◆ YOUR TASK
Each line of the data below should be restated exactly, with images left out.

◆ INFORMATION SHOWN
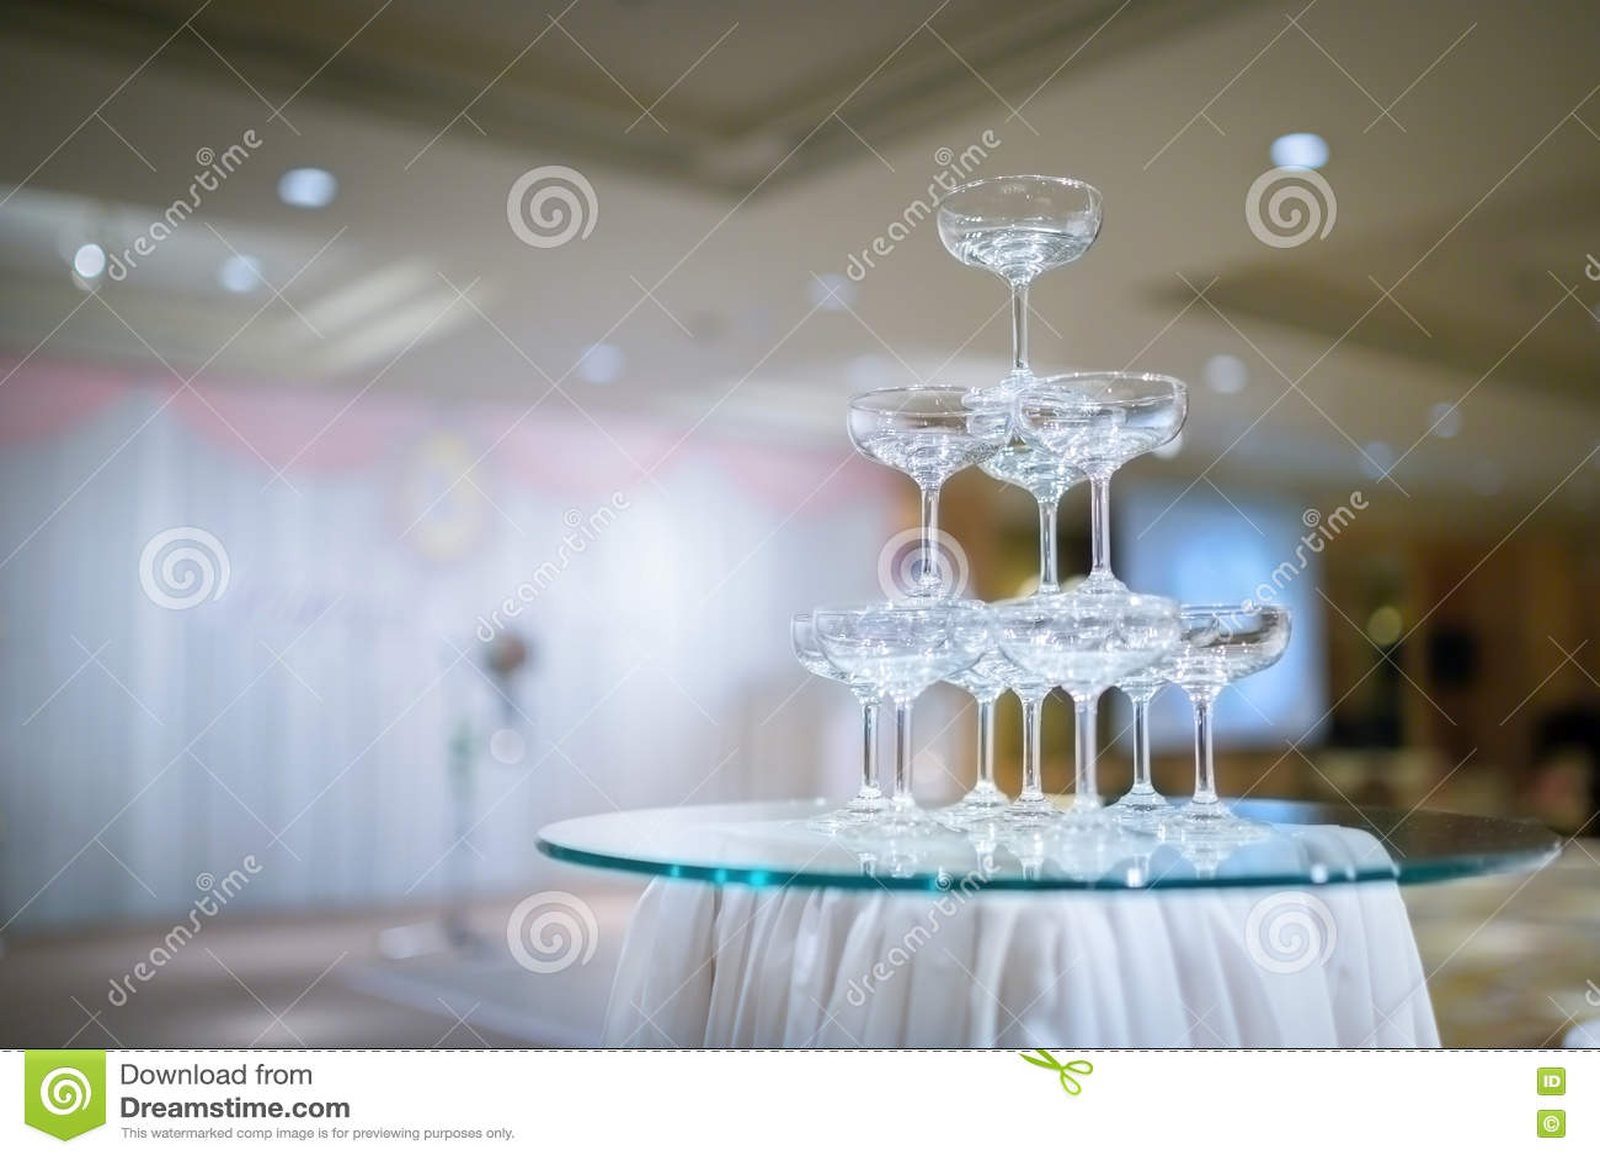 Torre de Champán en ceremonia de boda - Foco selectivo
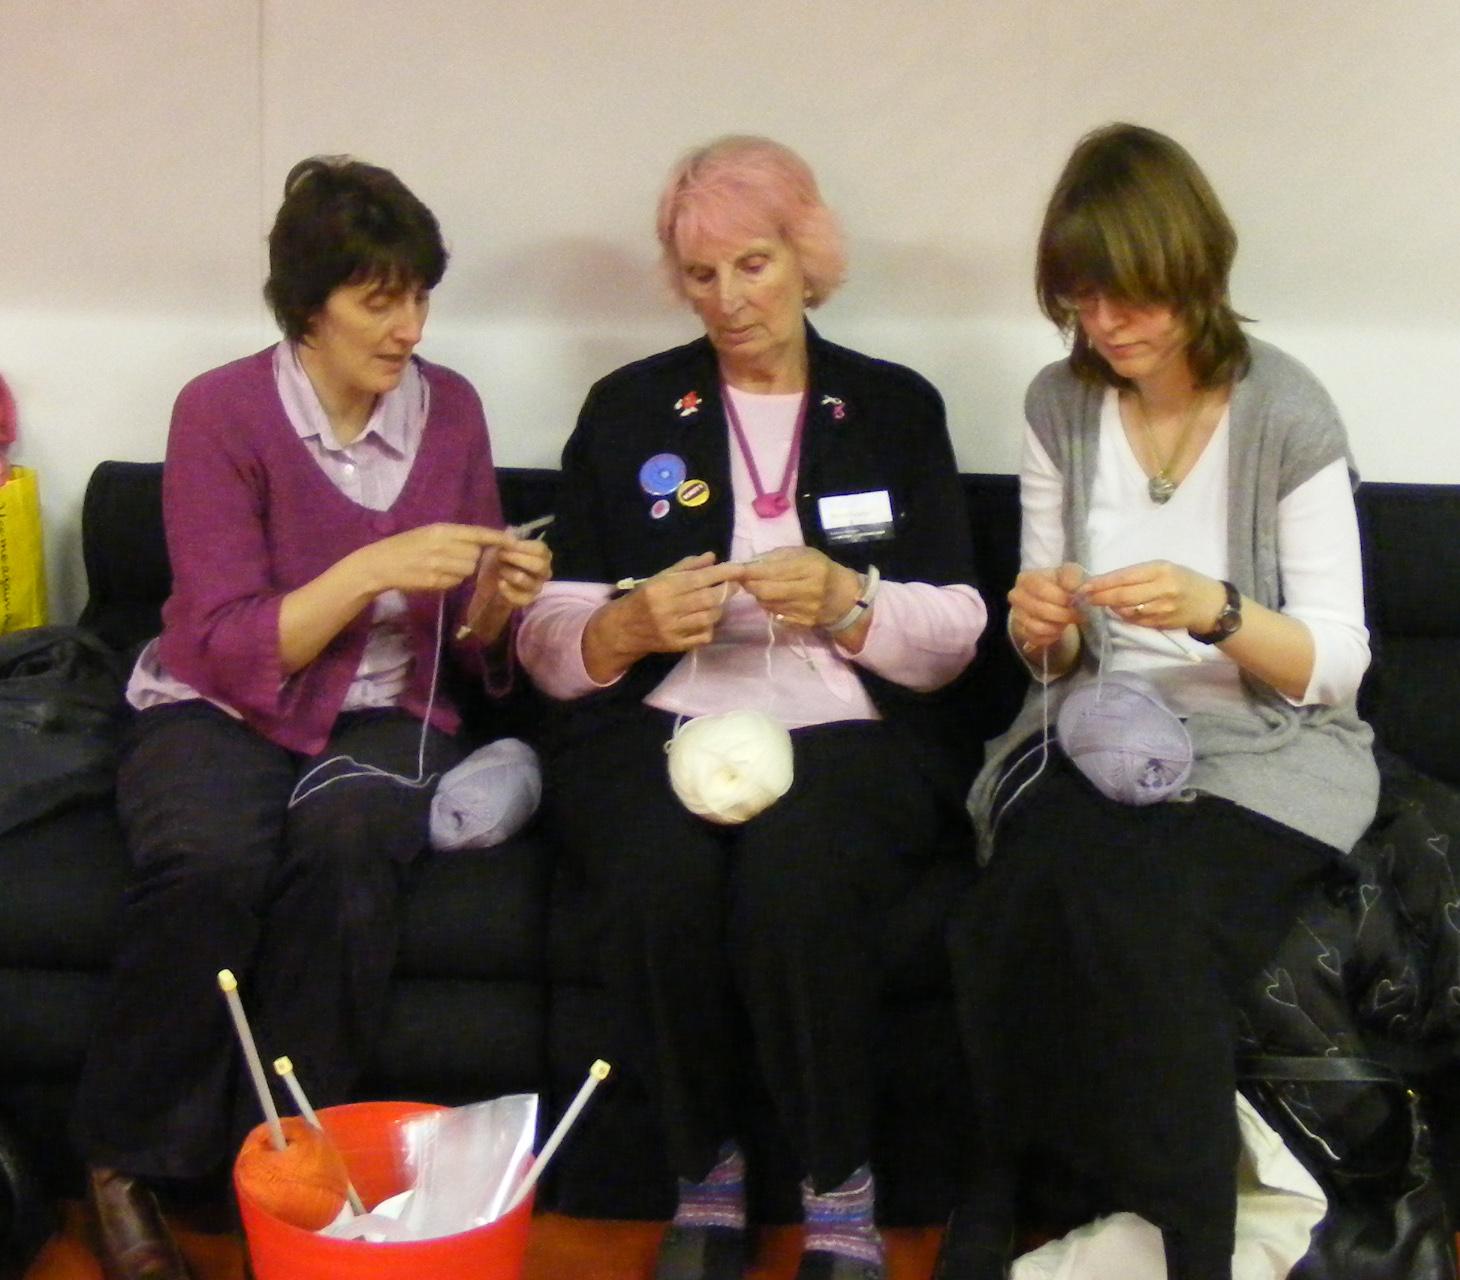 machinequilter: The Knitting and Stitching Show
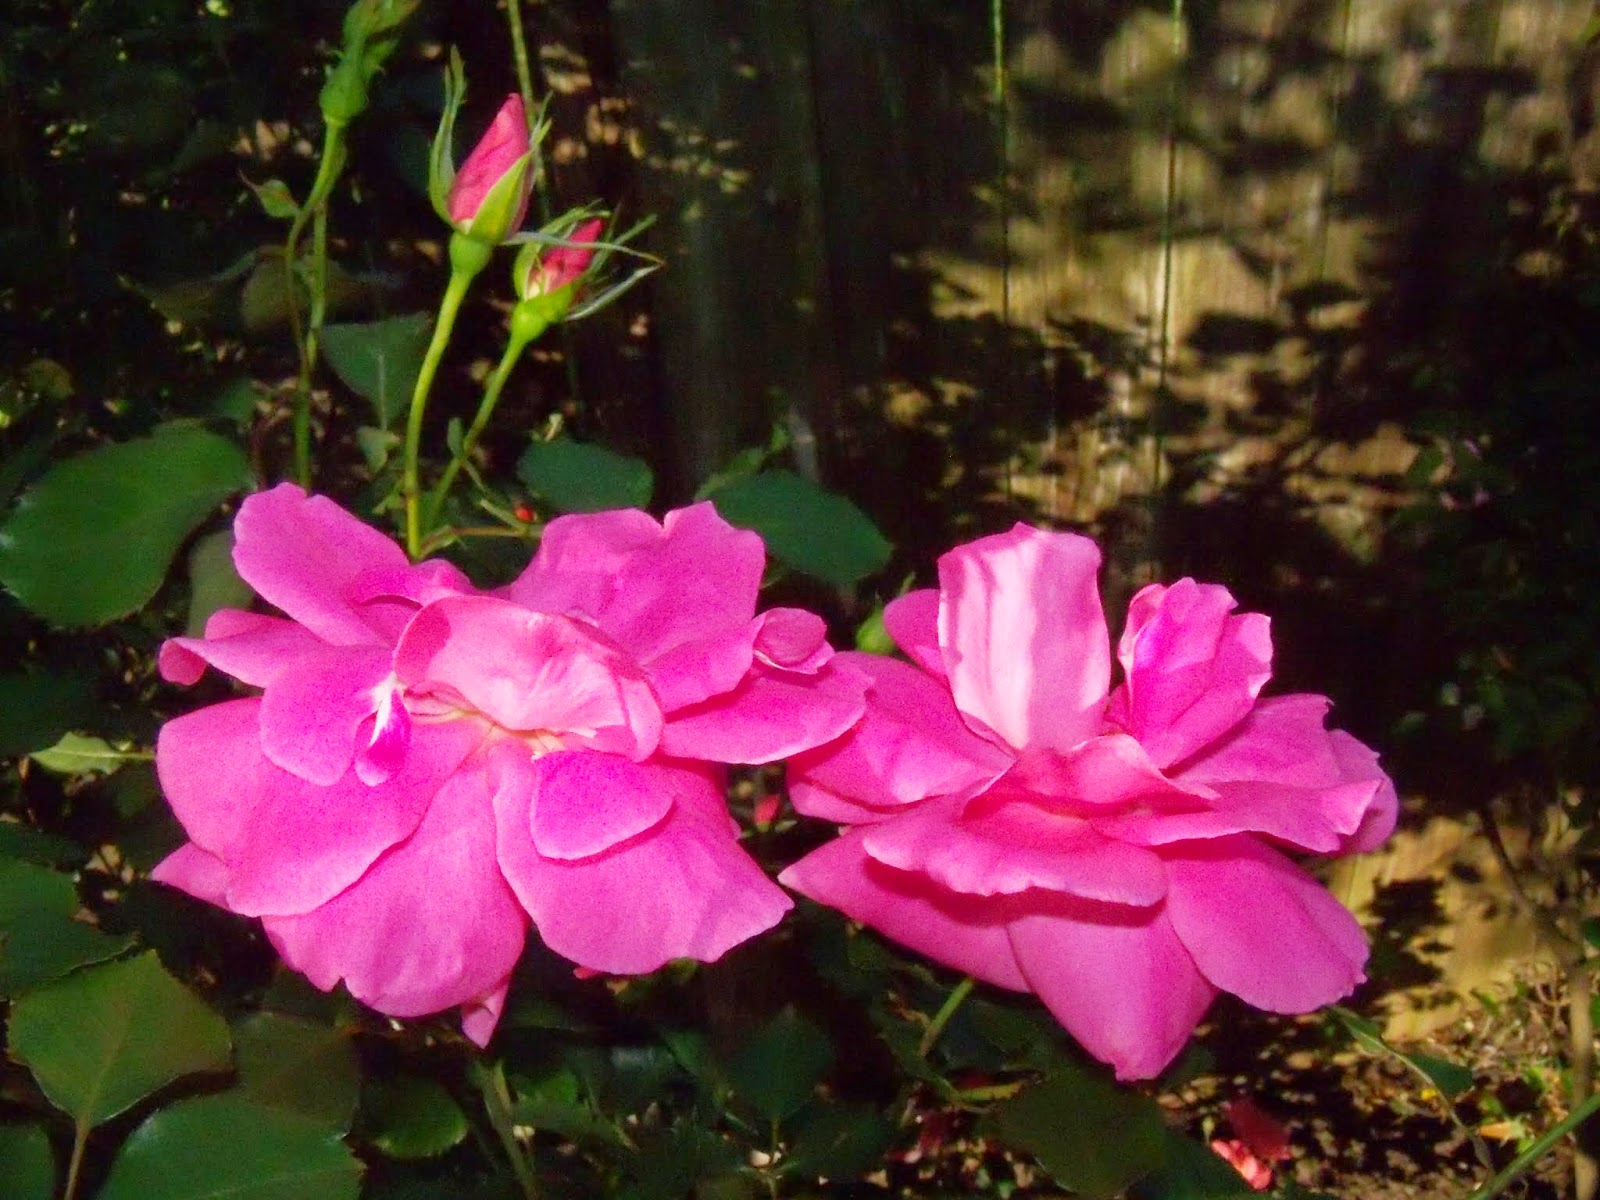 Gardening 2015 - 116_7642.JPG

◆ RESULT OF THIS TASK
 Torre de Champán en ceremonia de boda - Foco selectivo
 machinequilter: The Knitting and Stitching Show
 Gardening 2015 - 116_7642.JPG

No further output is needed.